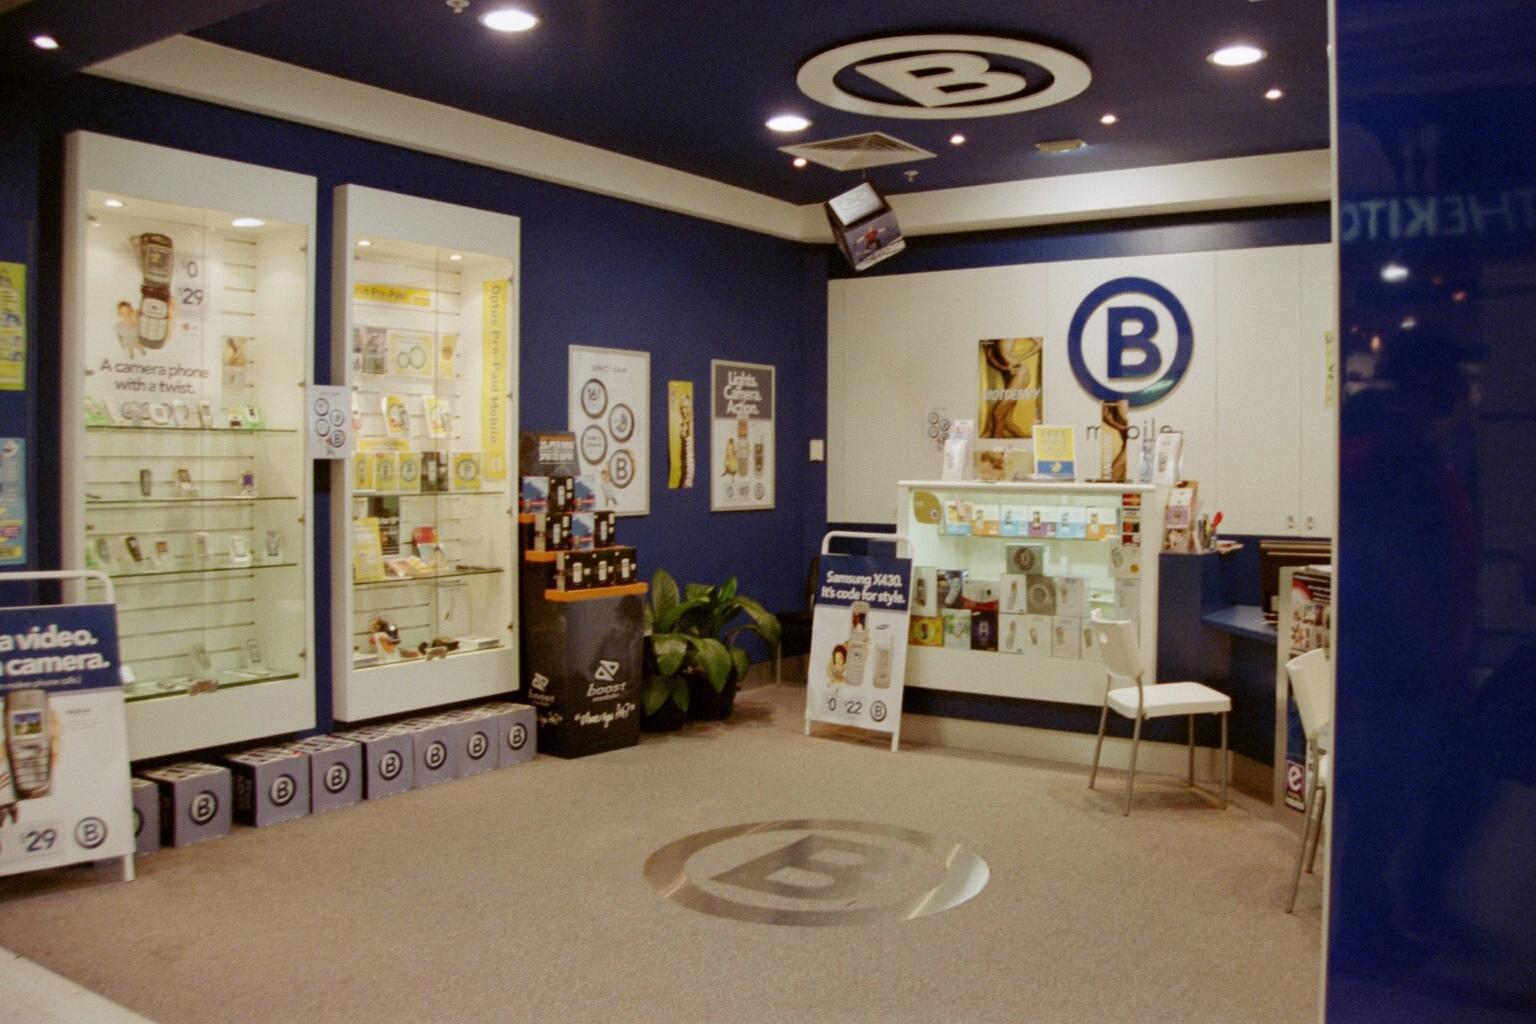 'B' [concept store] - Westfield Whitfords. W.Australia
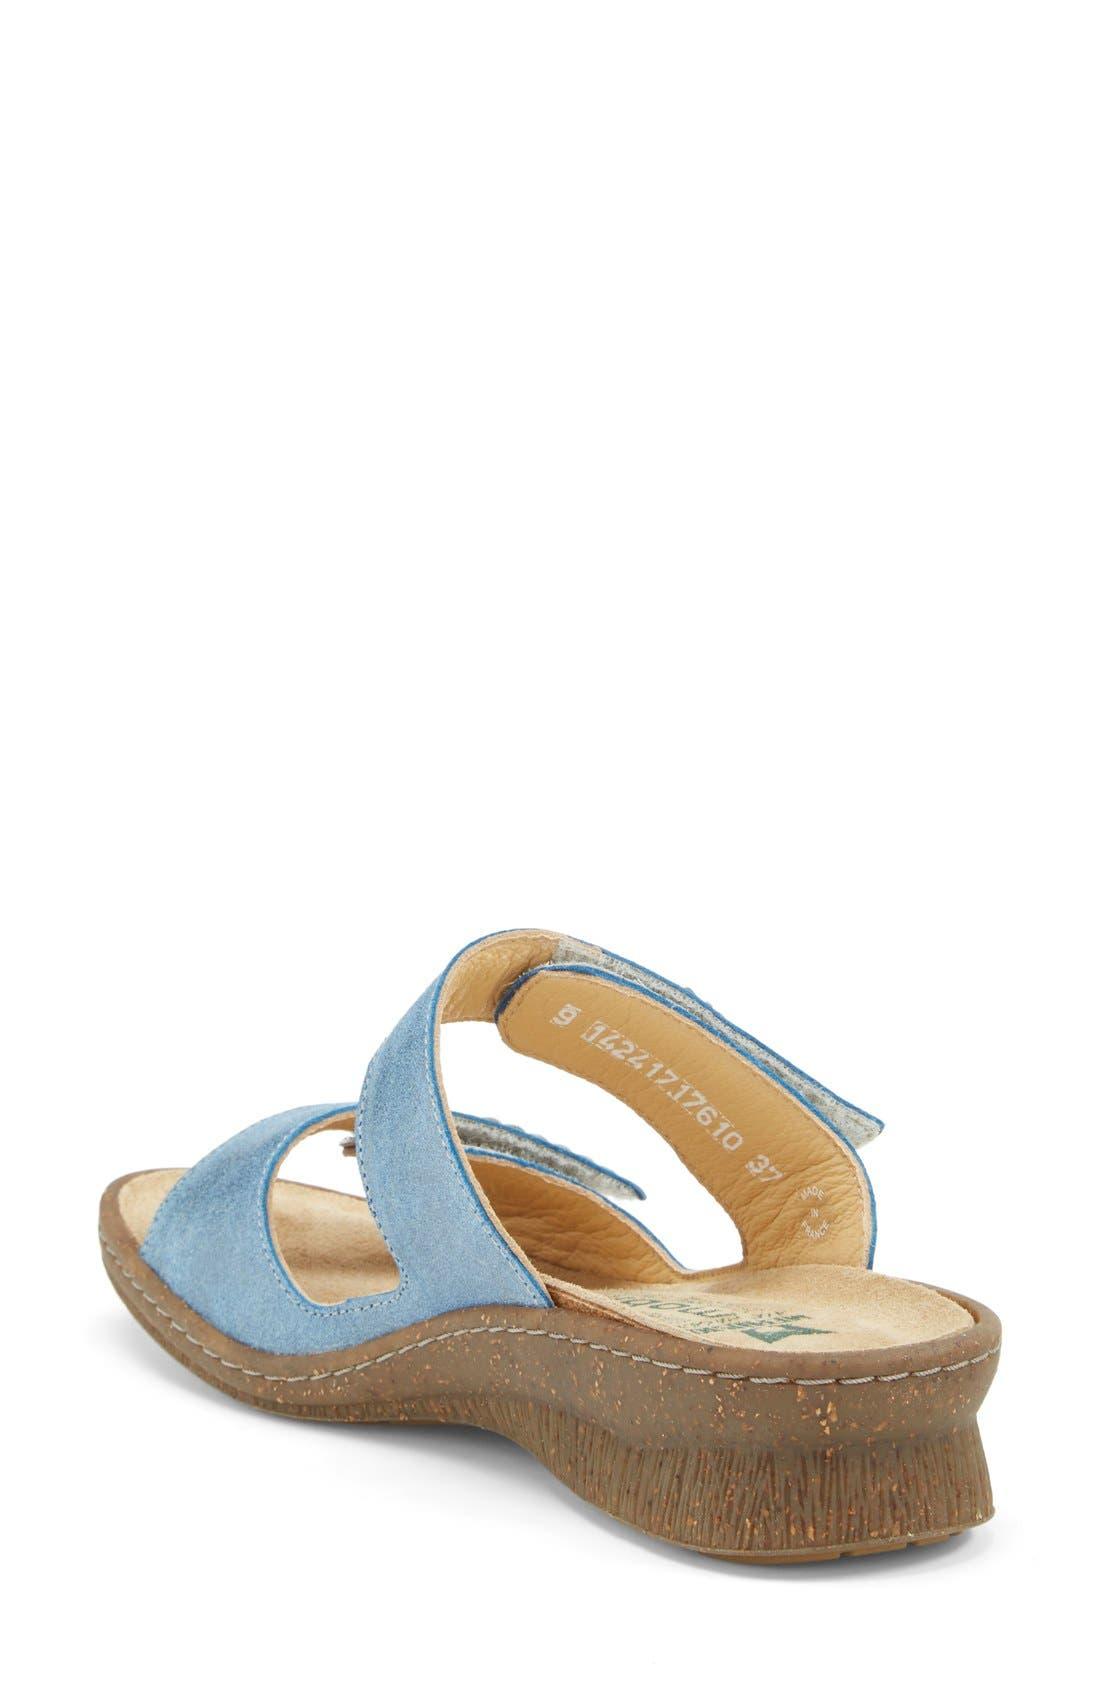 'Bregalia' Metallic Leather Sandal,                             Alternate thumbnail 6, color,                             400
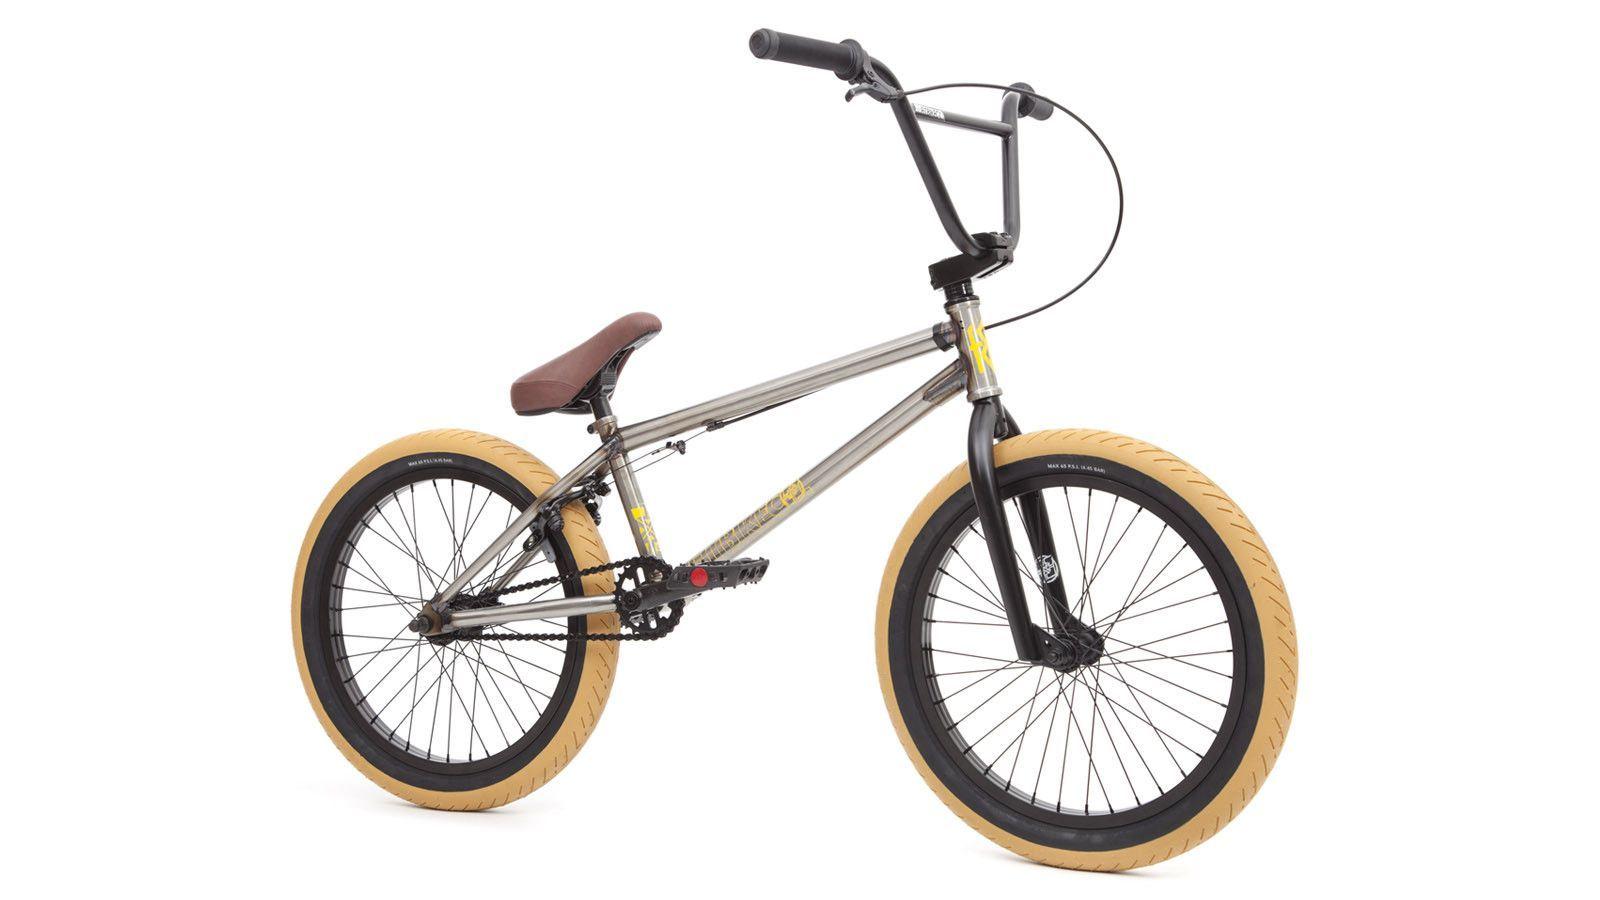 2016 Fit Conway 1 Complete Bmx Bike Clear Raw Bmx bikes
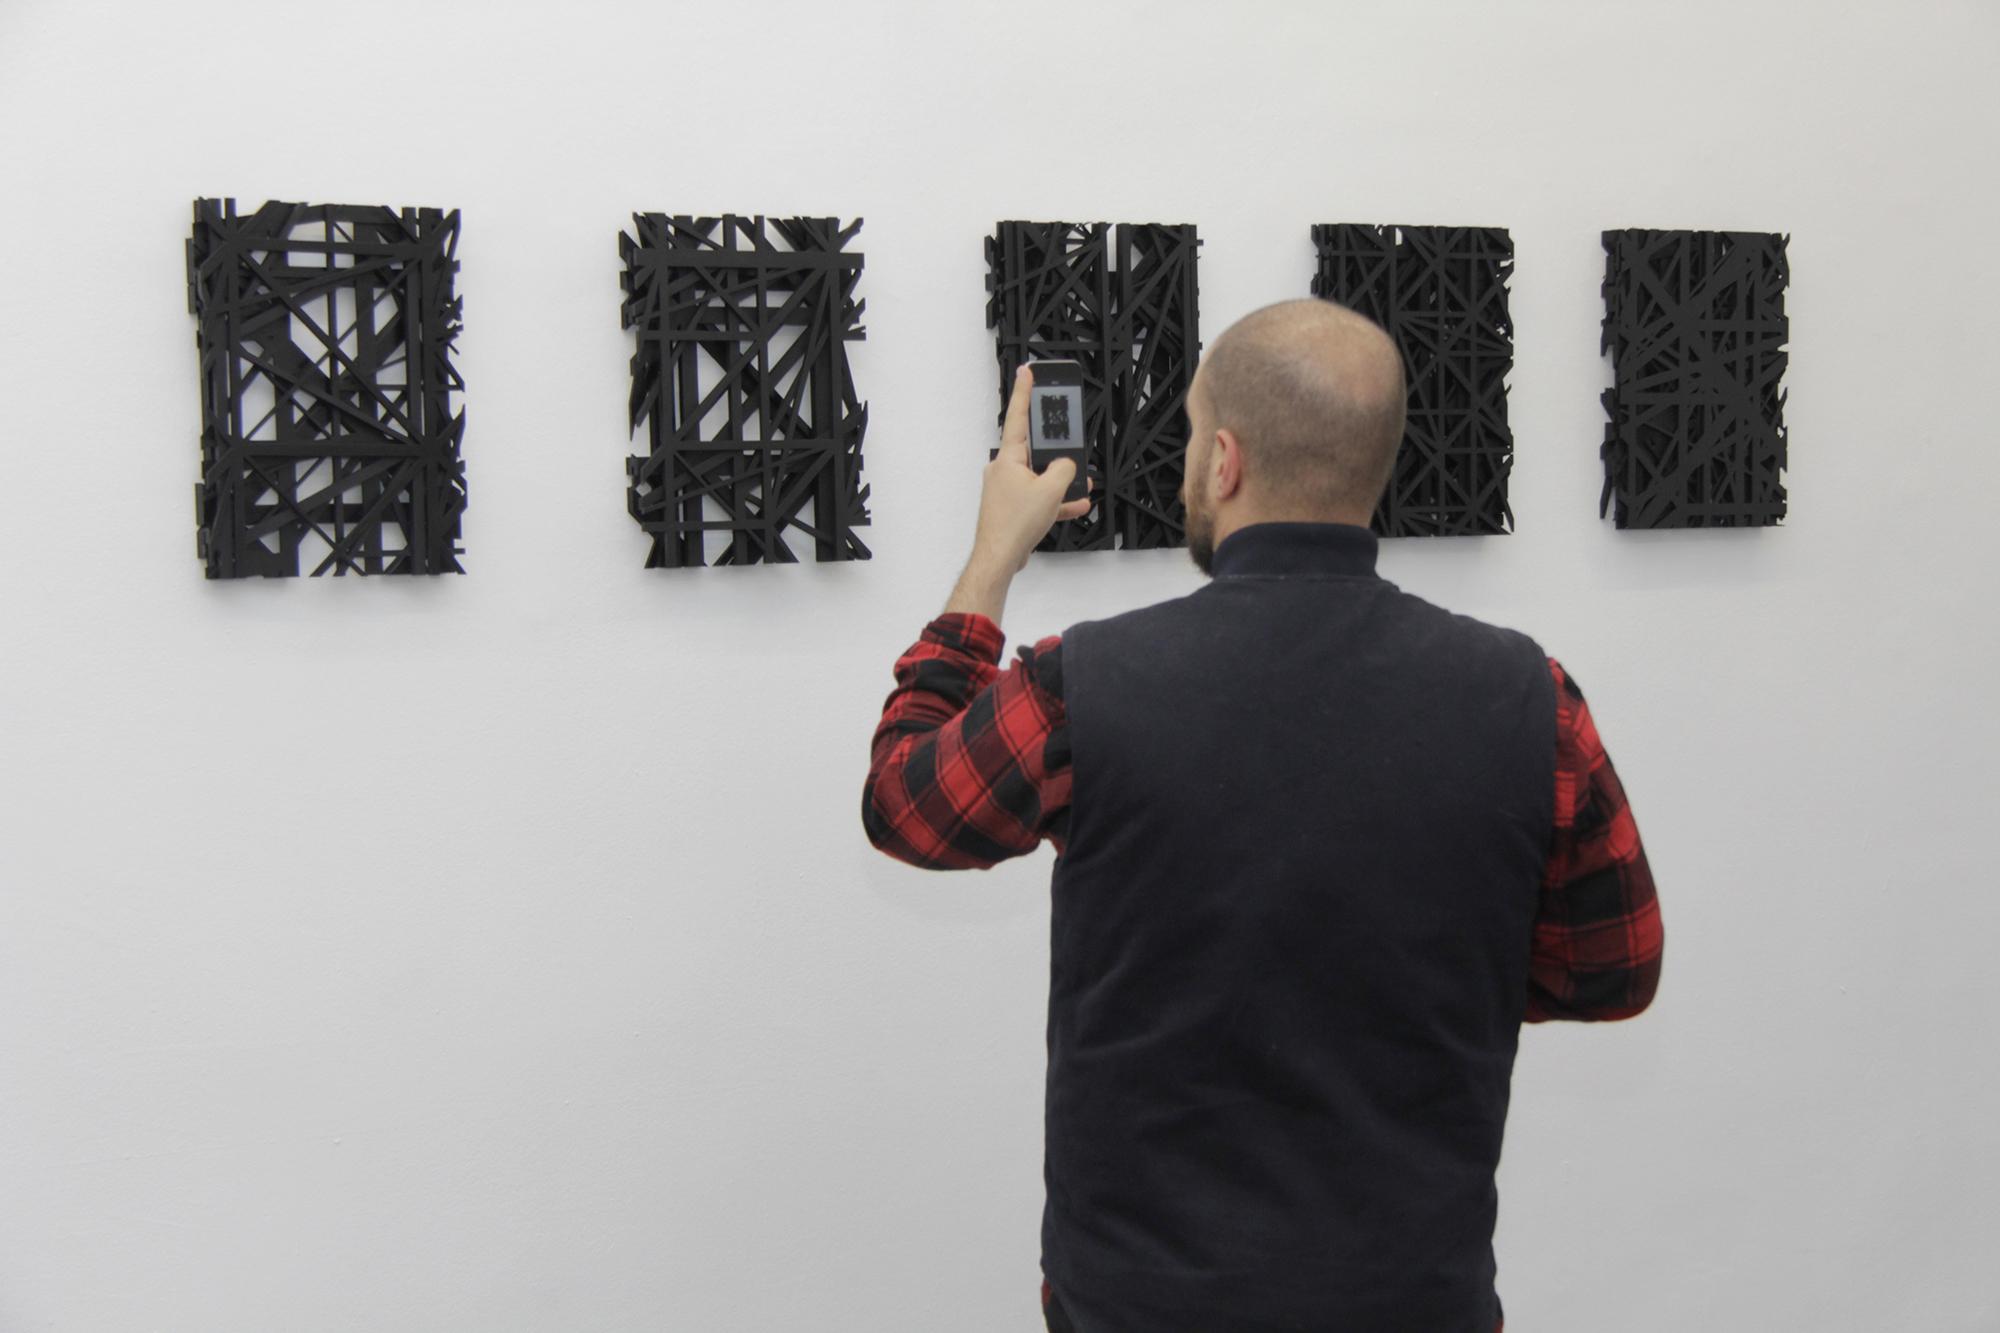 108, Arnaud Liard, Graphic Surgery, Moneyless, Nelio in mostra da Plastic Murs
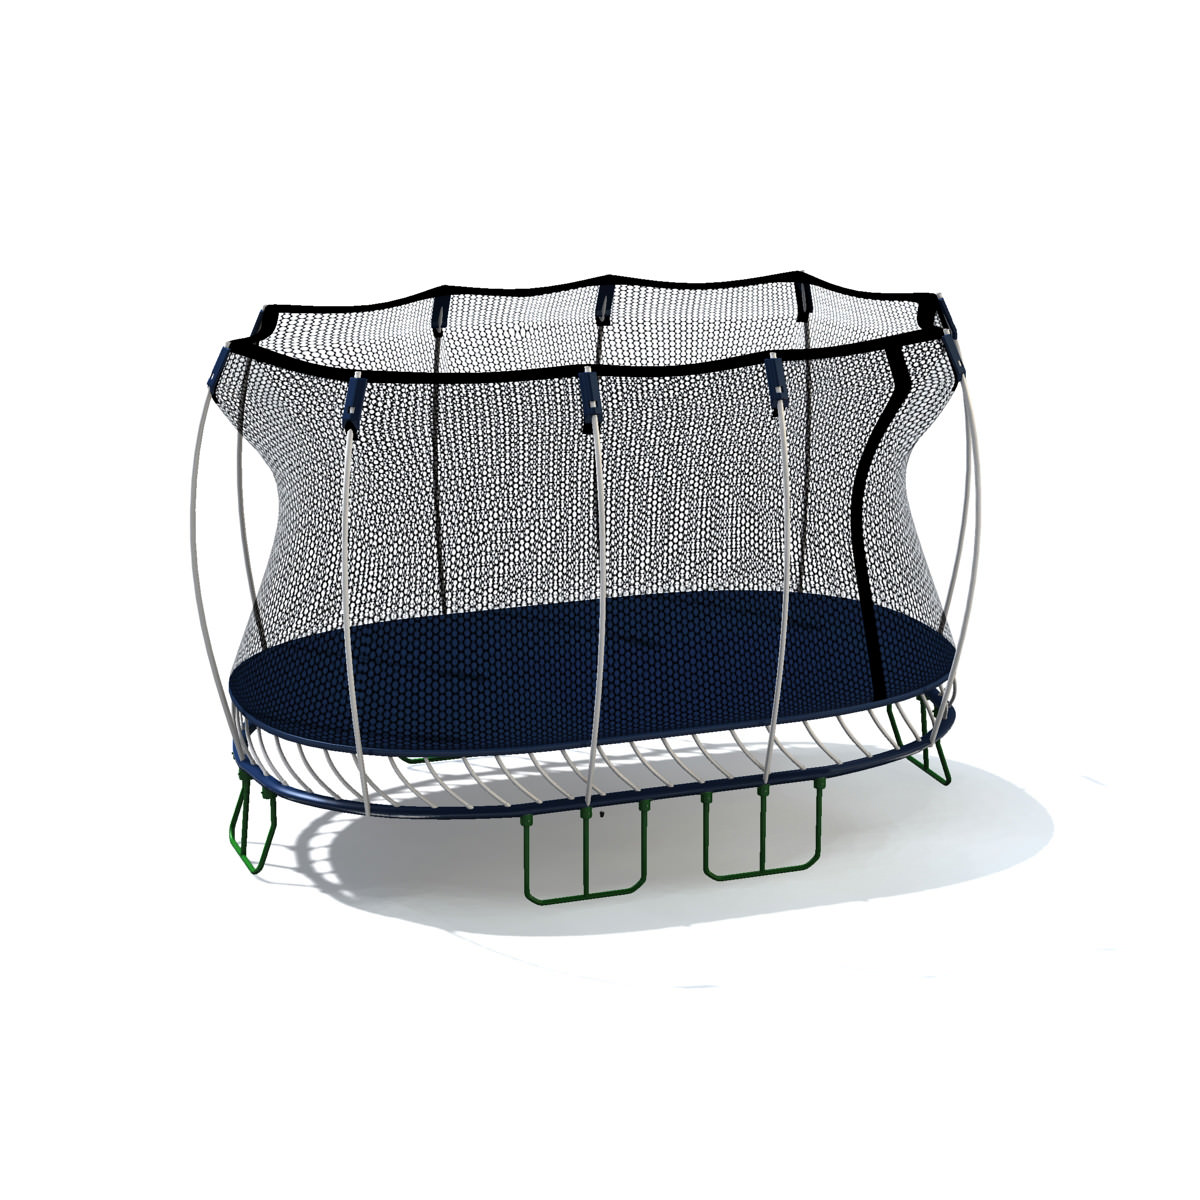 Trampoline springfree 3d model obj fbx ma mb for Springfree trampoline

■ Exercise instructions: The reply should contain all of the data above, word for word, with no pictures.

■ Your response:
 'B' [concept store] - Westfield Whitfords. W.Australia
 'Bregalia' Metallic Leather Sandal,                             Alternate thumbnail 6, color,                             400
 2016 Fit Conway 1 Complete Bmx Bike Clear Raw Bmx bikes
 108, Arnaud Liard, Graphic Surgery, Moneyless, Nelio in mostra da Plastic Murs
 Trampoline springfree 3d model obj fbx ma mb for Springfree trampoline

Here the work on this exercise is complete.